Activity → From the listing below, reproduce exactly the lines starting with the one with "Über die Schulter" and going on through the one with "En bokhylla med", both ends kept. No picture is copied.

Task input →
%%

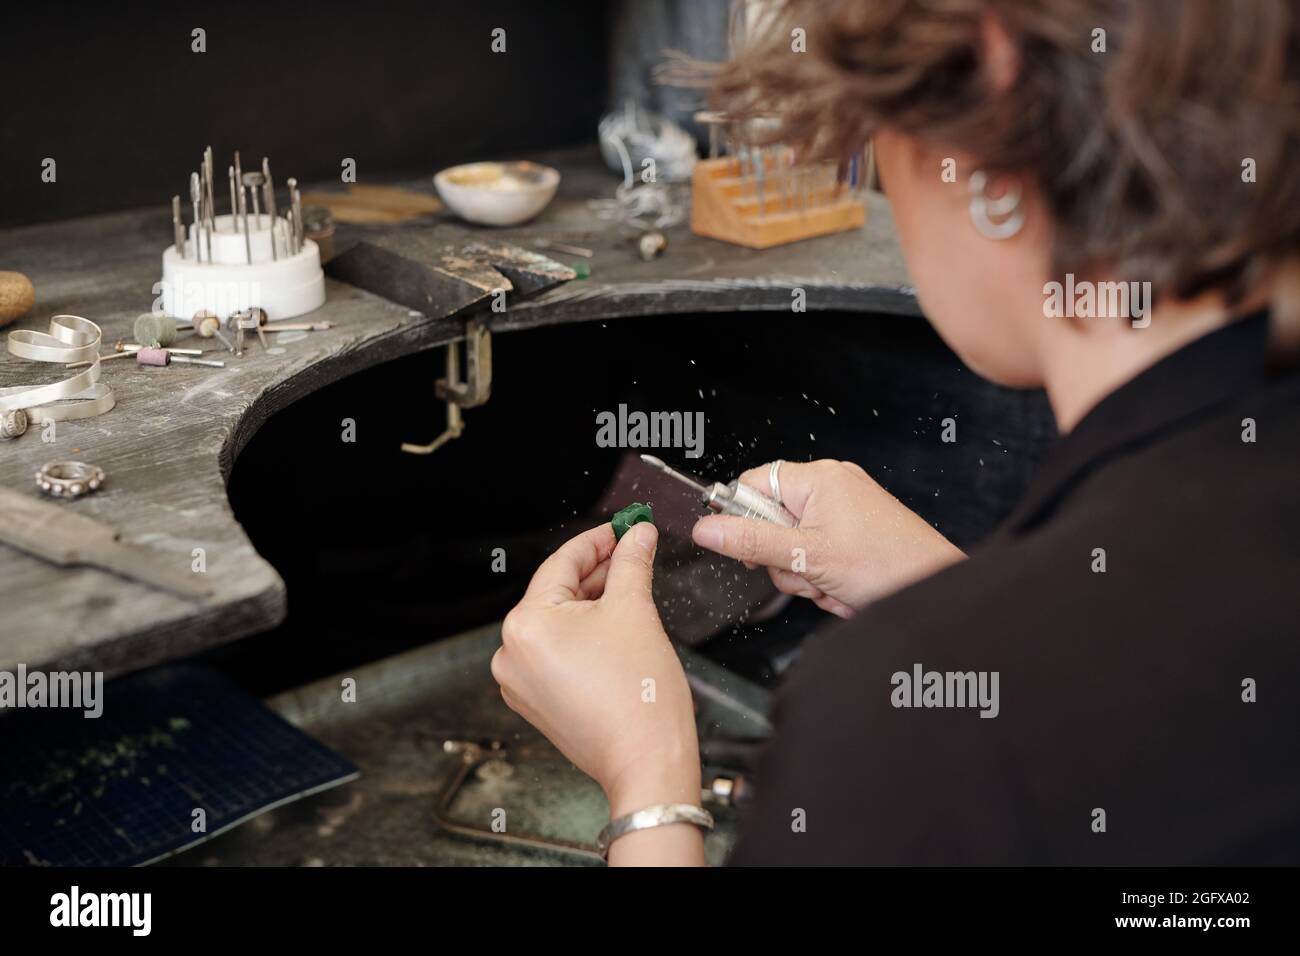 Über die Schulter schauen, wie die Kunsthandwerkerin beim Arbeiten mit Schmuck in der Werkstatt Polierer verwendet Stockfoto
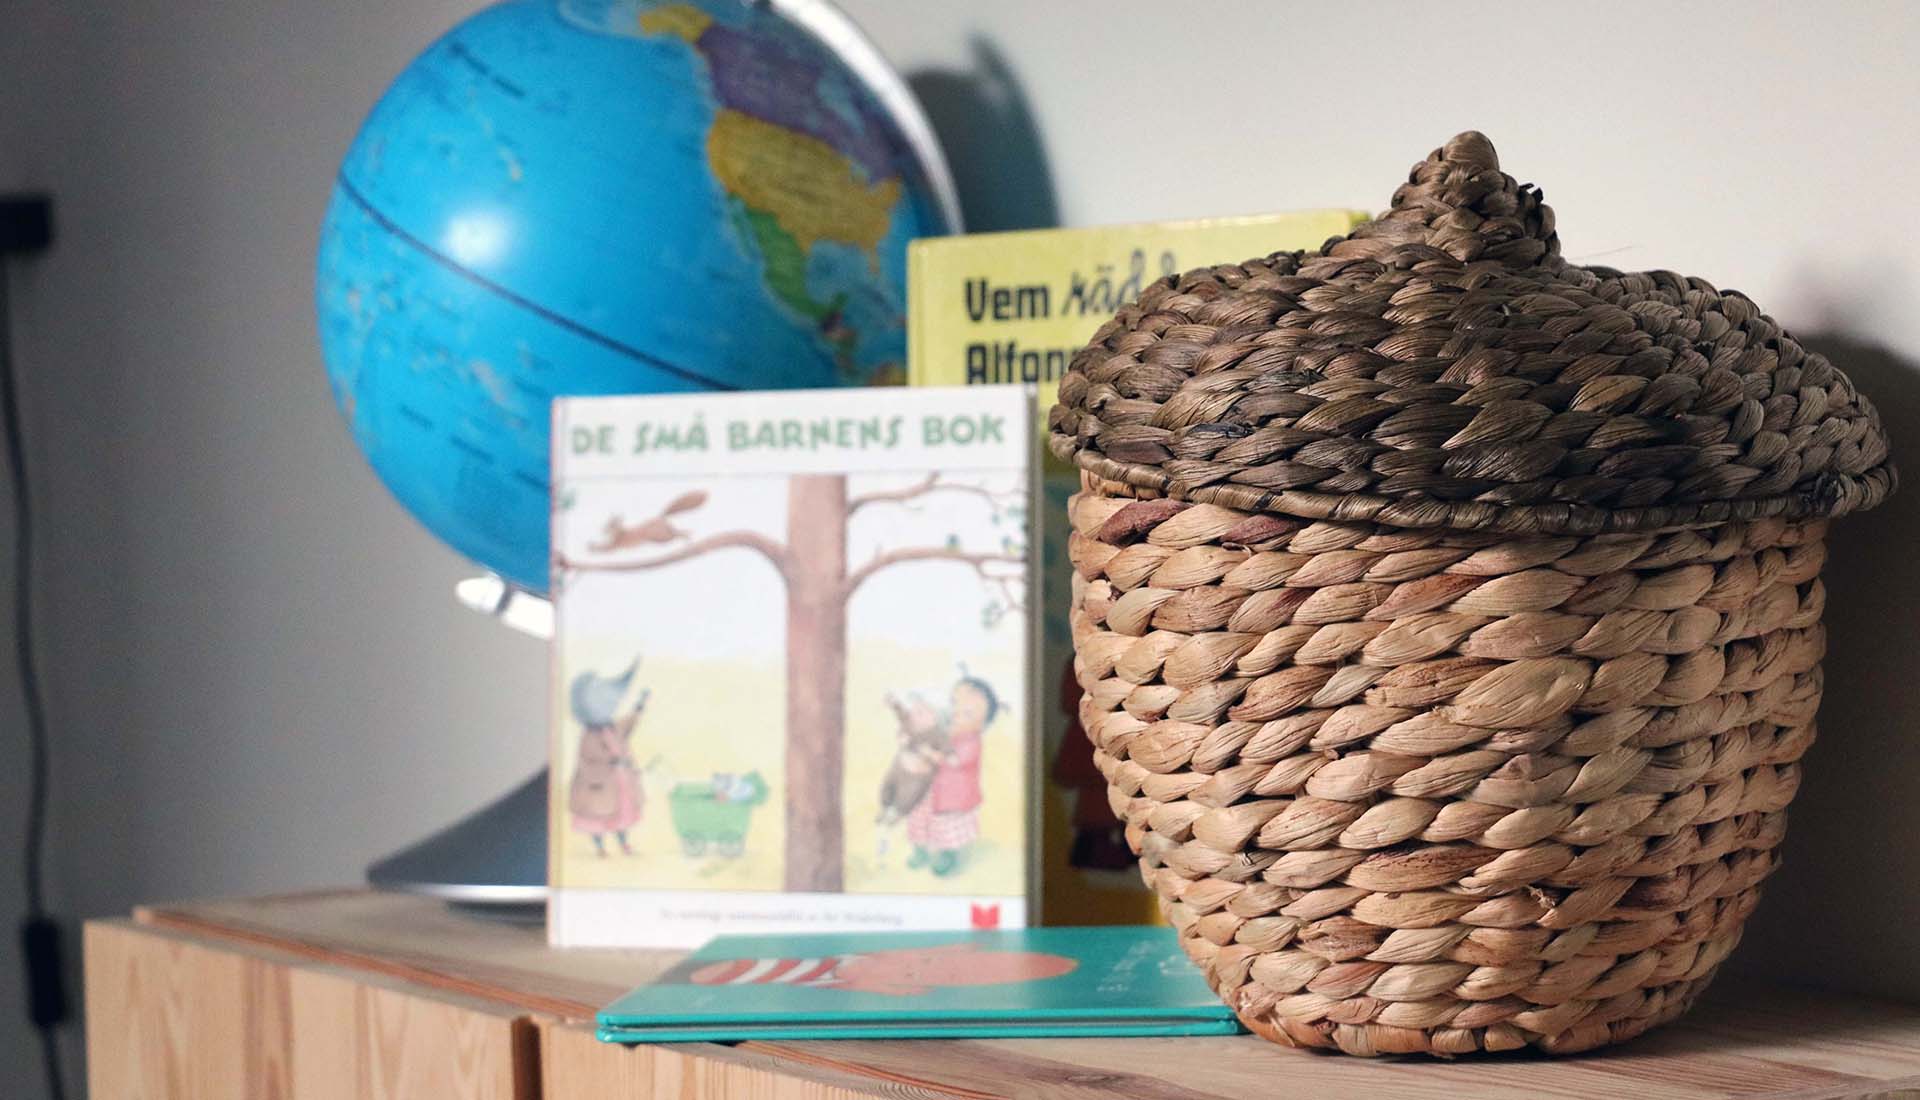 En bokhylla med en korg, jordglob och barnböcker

%%
%%

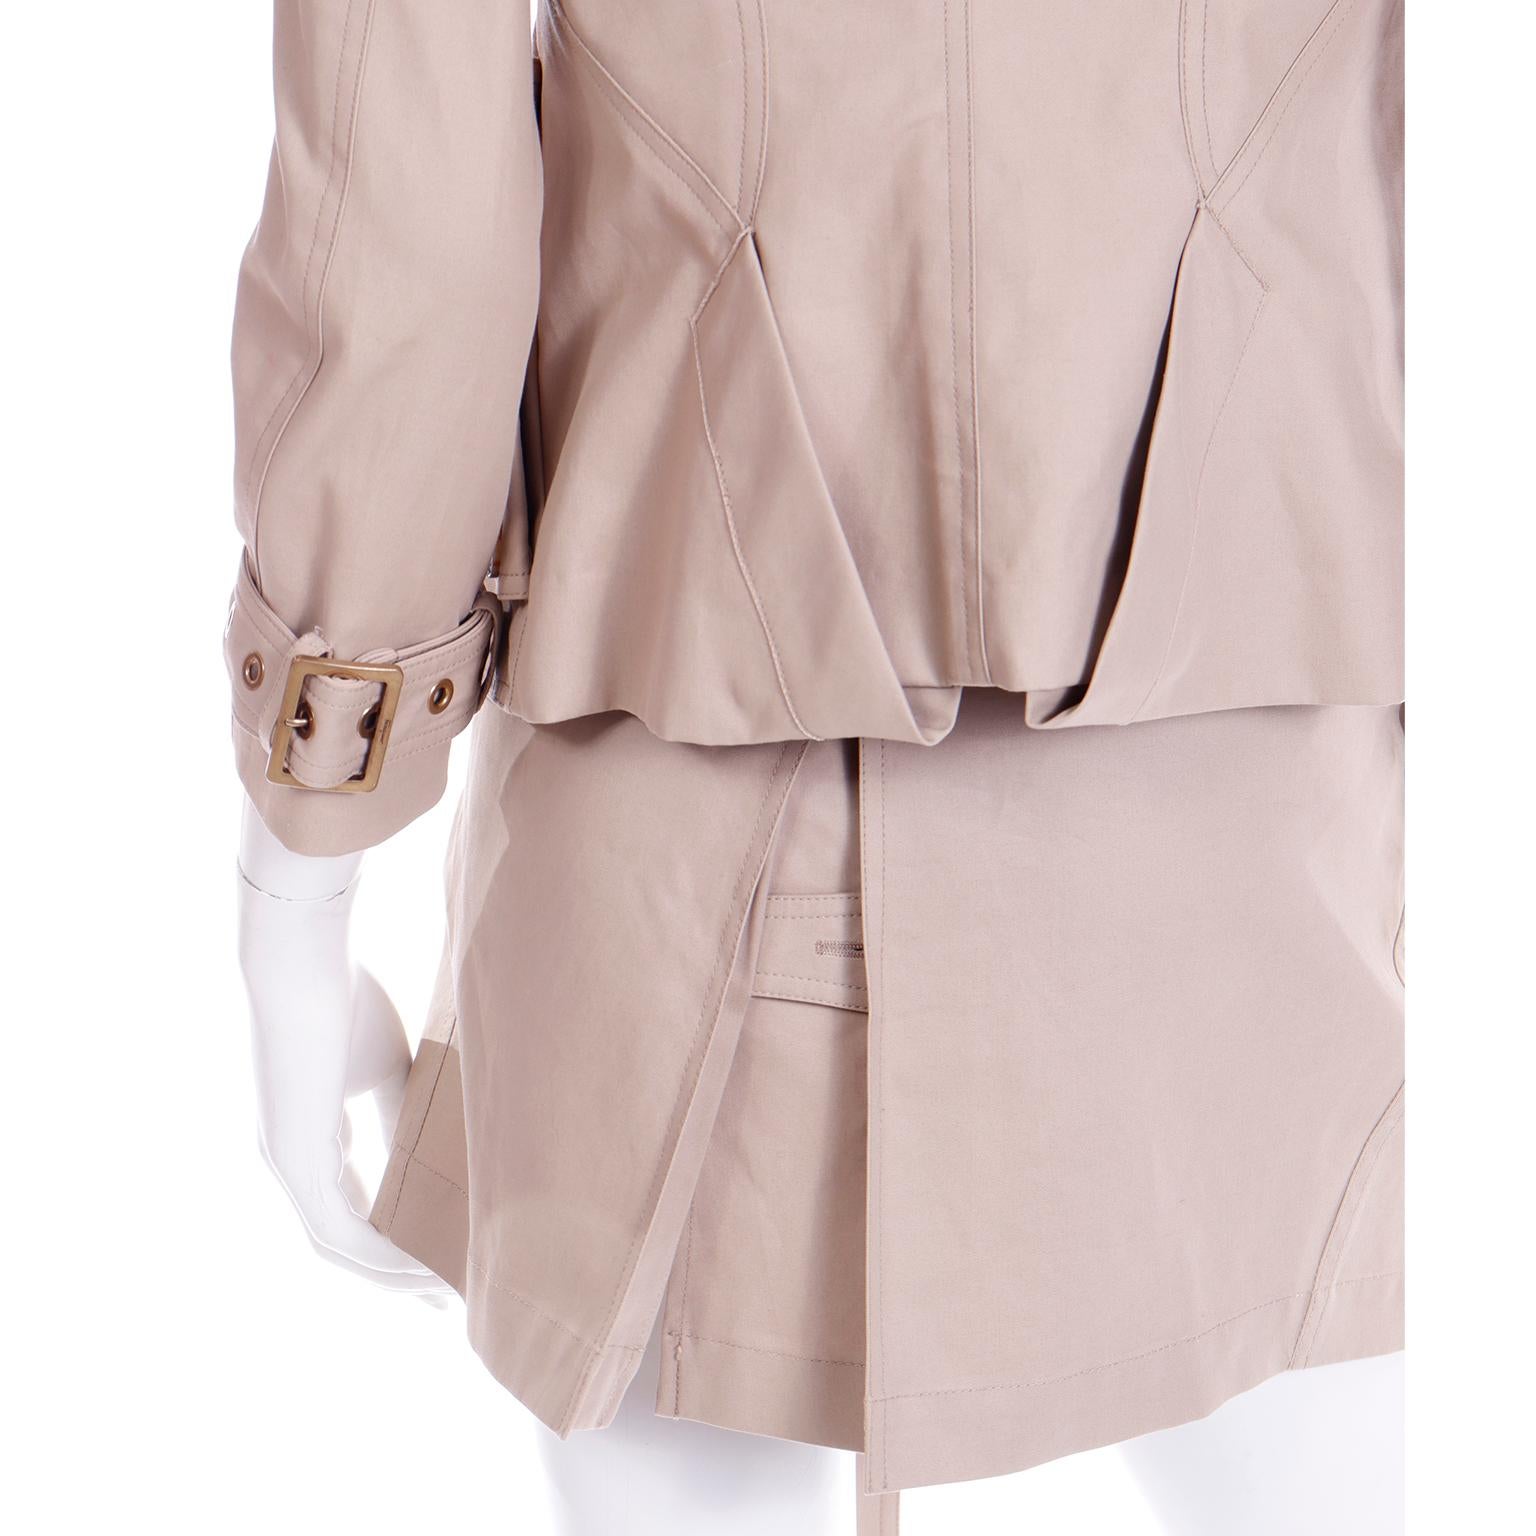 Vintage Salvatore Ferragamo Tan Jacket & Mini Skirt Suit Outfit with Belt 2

%%

Problem solution →
 Über die Schulter schauen, wie die Kunsthandwerkerin beim Arbeiten mit Schmuck in der Werkstatt Polierer verwendet Stockfoto
 En bokhylla med en korg, jordglob och barnböcker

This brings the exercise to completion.